To trigger regression tests:

@dgl-bot run [instance-type] [which tests] [compare-with-branch];
For example: @dgl-bot run g4dn.4xlarge all dmlc/master or @dgl-bot run c5.9xlarge kernel,api dmlc/master

dgl-bot · 2023-08-14T10:58:53Z

Commit ID: 14c0728

Build ID: 1

Status: ✅ CI test succeeded.

Report path: link

Full logs path: link

examples/sparse/hetero-rgcn.py

frozenbugs · 2023-08-17T01:43:53Z

@dgl-bot

frozenbugs · 2023-08-17T03:29:51Z

@dgl-bot

examples/sparse/hetero-rgcn.py

frozenbugs · 2023-08-17T03:33:34Z

Overall LGTM, please copy paste the model result to the PR description.

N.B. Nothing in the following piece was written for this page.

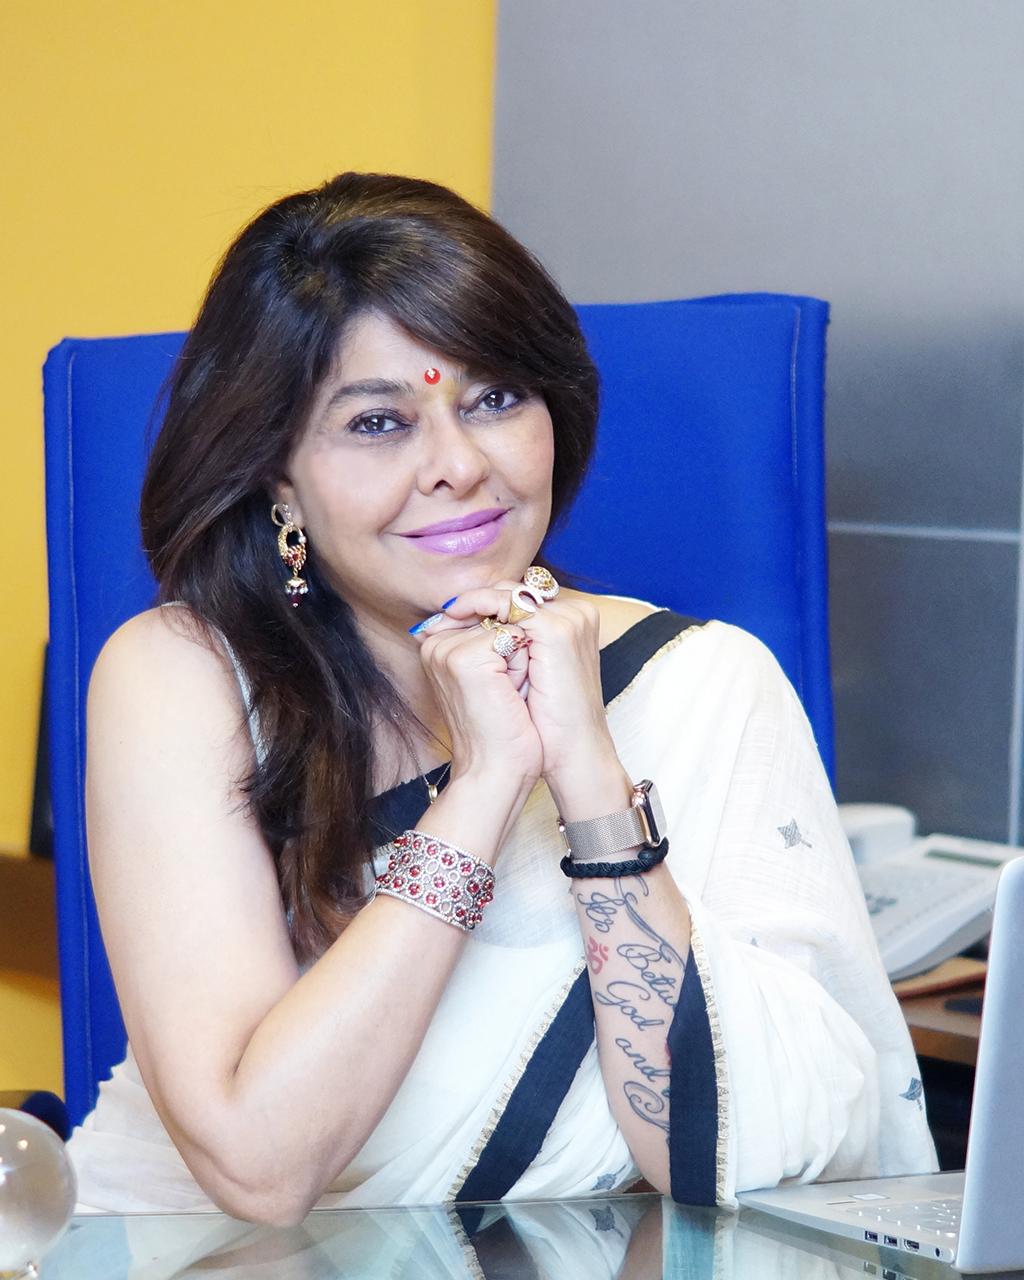 Dr. Tarita Shankar, Chairperson - Indira Group Of Institutes (IGI)

xiangyuzhi · 2023-08-18T01:57:03Z

Overall LGTM, please copy paste the model result to the PR description.

@frozenbugs I'm not sure what the results include. Is it the performance or the size of the model parameters?

dgl-bot · 2023-08-18T02:25:48Z

Commit ID: 4b1bde2743cf398256d2c7b4ae05c8a6f2bd6b97

Build ID: 9

Status: ⚪️ CI test cancelled due to overrun.

Report path: link

Full logs path: link

dgl-bot · 2023-08-18T03:22:53Z

Commit ID: 444b85baf60f1037be51240b0c8958cf38811f65

Build ID: 10

Status: ✅ CI test succeeded.

Report path: link

Full logs path: link

frozenbugs · 2023-08-18T04:03:27Z

Overall LGTM, please copy paste the model result to the PR description.

@frozenbugs I'm not sure what the results include. Is it the performance or the size of the model parameters?

Just the output of the model, e.g. acc loss e.t.c. for example: #6163

frozenbugs · 2023-08-19T04:52:00Z

@czkkkkkk @jermainewang do know whether Test Acc: 0.4091 is reasonable?

czkkkkkk · 2023-08-20T03:04:21Z

@czkkkkkk @jermainewang do know whether Test Acc: 0.4091 is reasonable?

The train loss looks abnormal. What is the loss of the message passing example? https://github.com/dmlc/dgl/blob/master/examples/core/rgcn/hetero_rgcn.py#L285

xiangyuzhi · 2023-08-21T03:12:09Z

@czkkkkkk @jermainewang do know whether Test Acc: 0.4091 is reasonable?

The train loss looks abnormal. What is the loss of the message passing example? https://github.com/dmlc/dgl/blob/master/examples/core/rgcn/hetero_rgcn.py#L285

I find the problem is the missing of matrix normalization, so I add it and new result is updated. The loss now is the same as previous exmaples. However, the accuracy is still a bit lower, we think this is because the Graphconv operator in dgl use more fine-grained optimization.

dgl-bot · 2023-08-21T03:51:41Z

Commit ID: 06cb205adca56f6b911038c01af8dd26668f133e

Build ID: 13

Status: ✅ CI test succeeded.

Report path: link

Full logs path: link

czkkkkkk

LGTM. Please fix some minor issues.

examples/sparse/hetero-rgcn.py

jermainewang · 2023-08-21T07:17:59Z

It's strange that validation accuracy is much lower than test accuracy.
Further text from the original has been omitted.